| Task brief |
Your answer should hold exactly the lines beginning with the one that contains "depositphotos 200947382 stock" and ending with the last line of the material, both included. Leave every picture out.

| Data |
+++
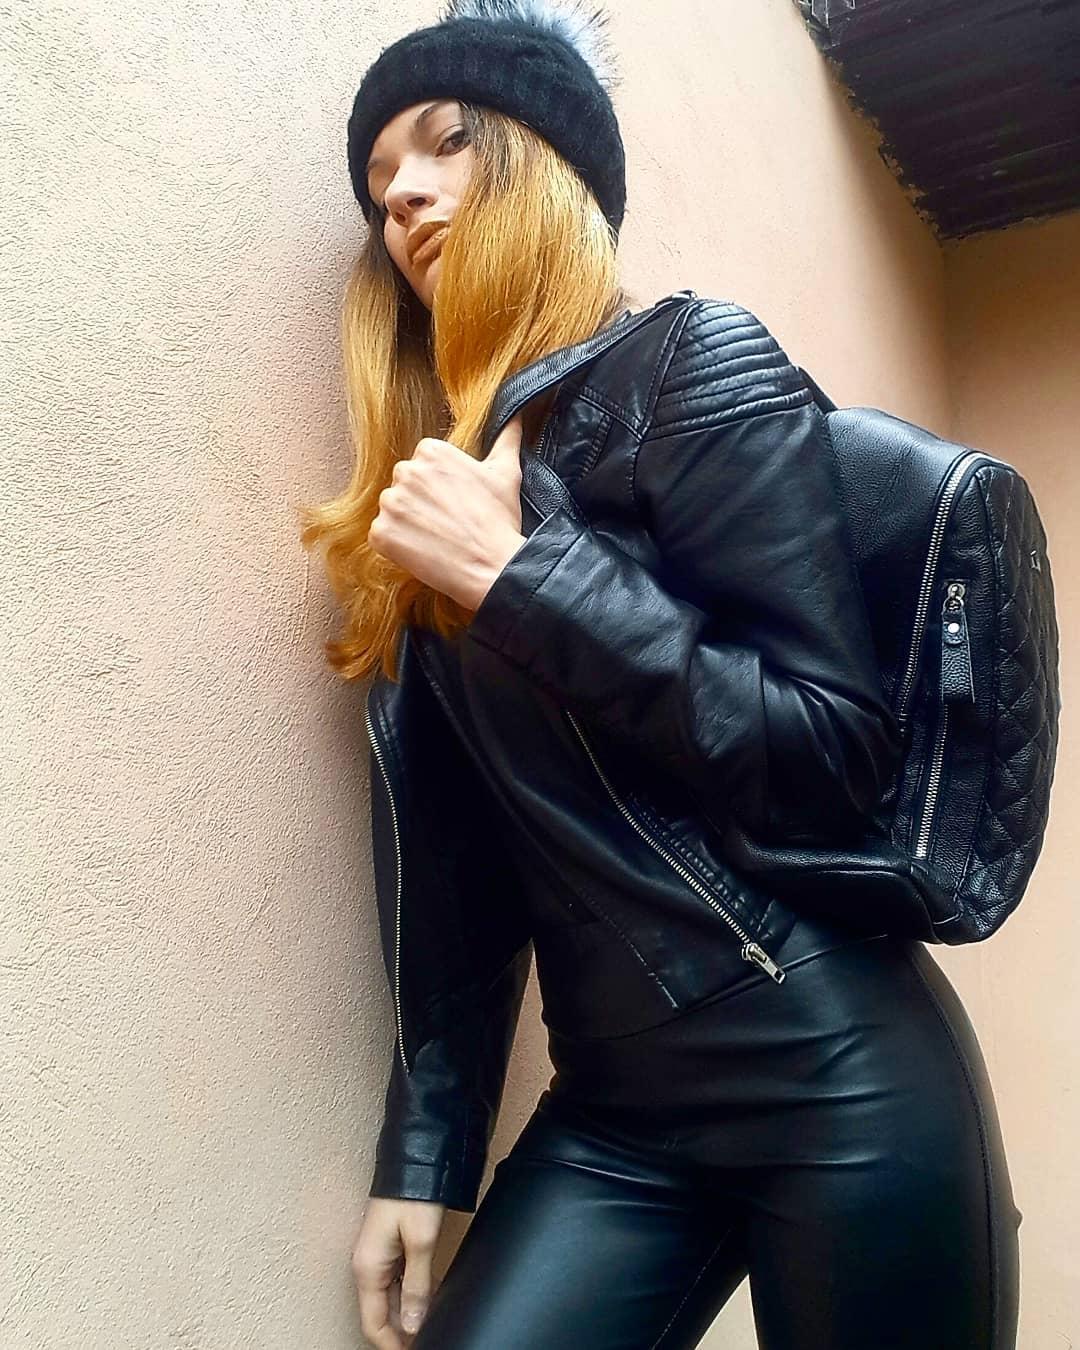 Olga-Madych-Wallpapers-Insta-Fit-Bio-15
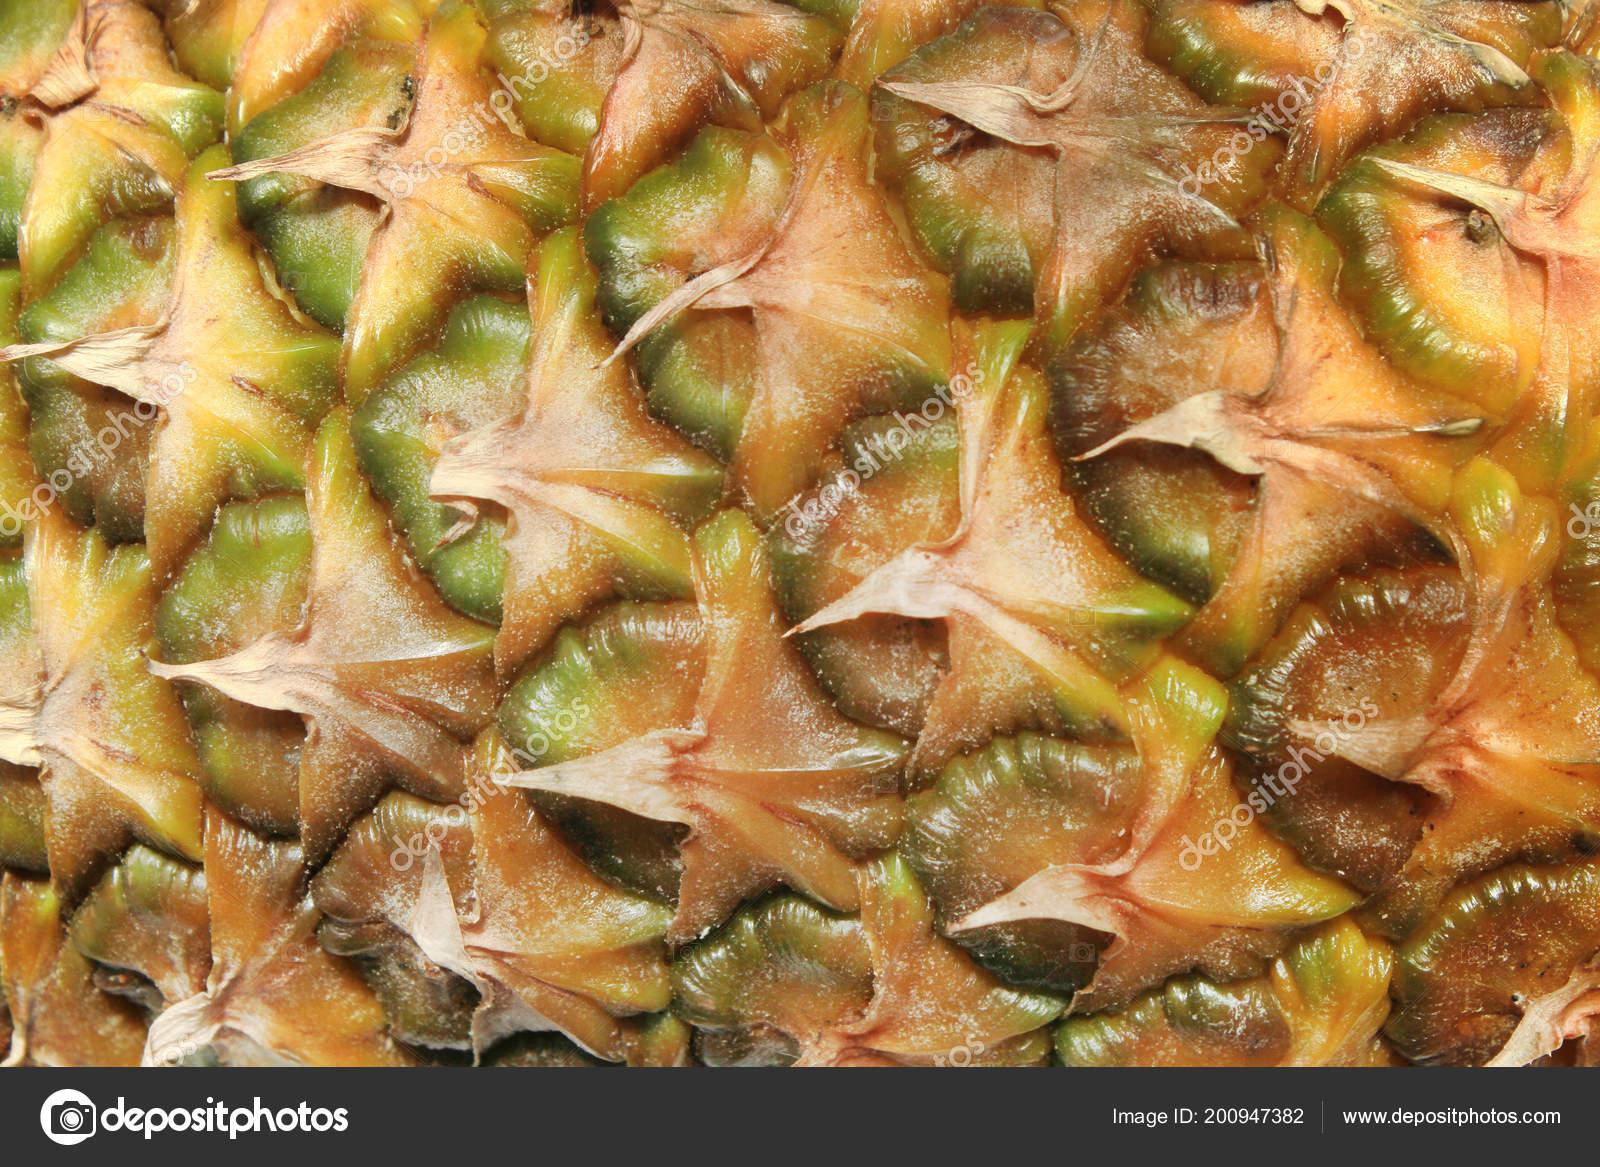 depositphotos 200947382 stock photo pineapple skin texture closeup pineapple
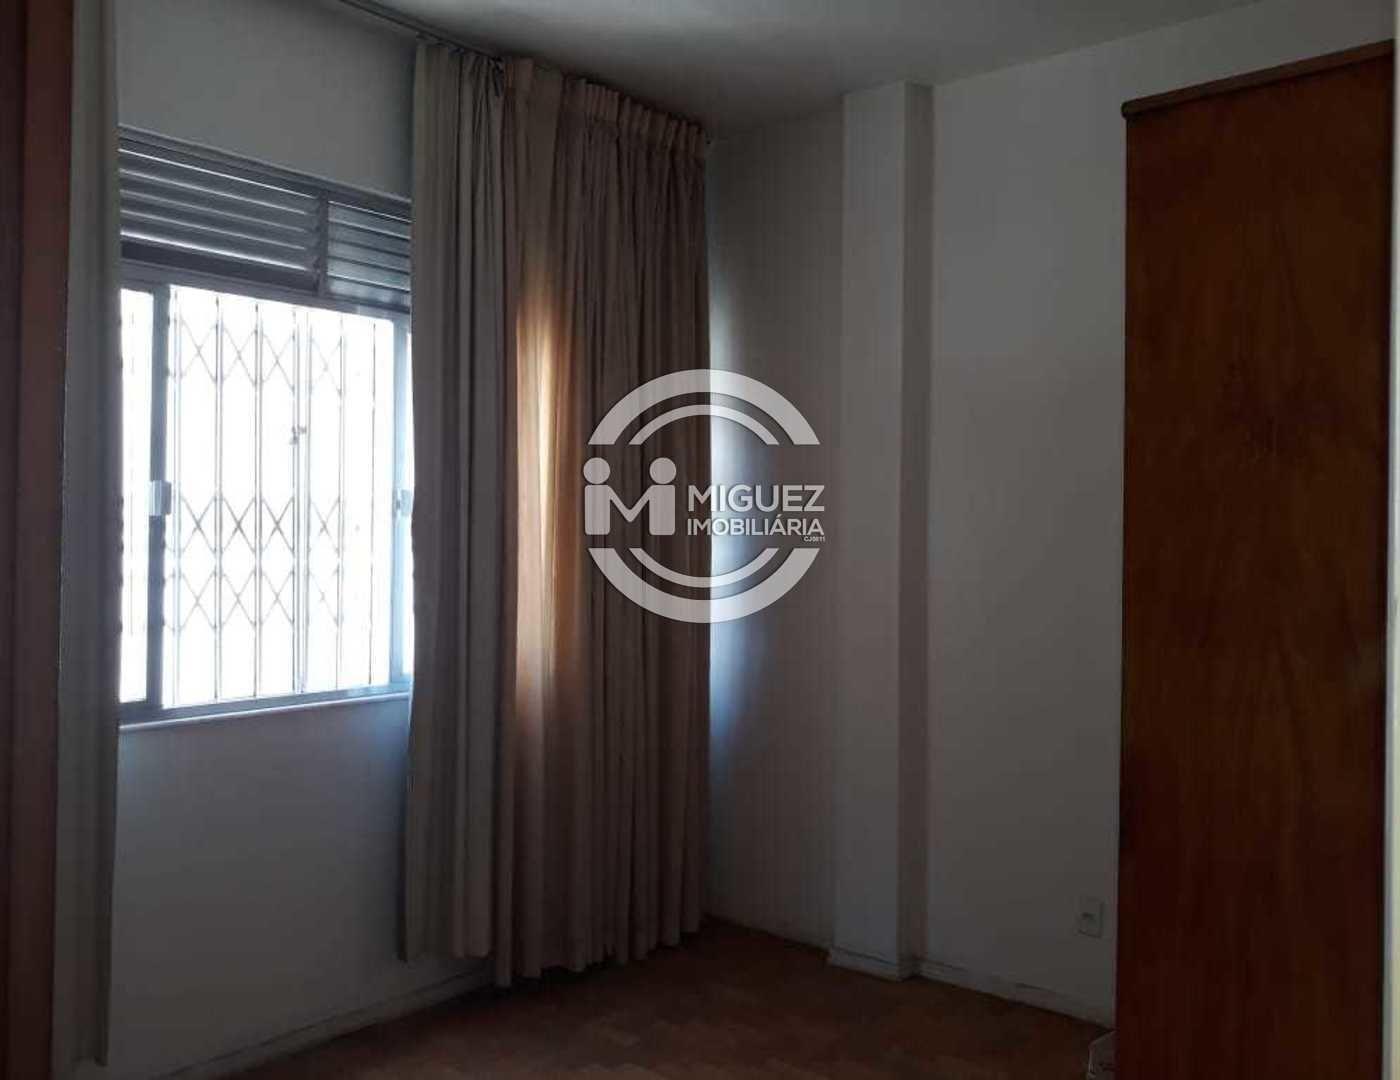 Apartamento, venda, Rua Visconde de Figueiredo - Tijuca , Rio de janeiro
+++
| Worked solution |
 depositphotos 200947382 stock photo pineapple skin texture closeup pineapple
 Apartamento, venda, Rua Visconde de Figueiredo - Tijuca , Rio de janeiro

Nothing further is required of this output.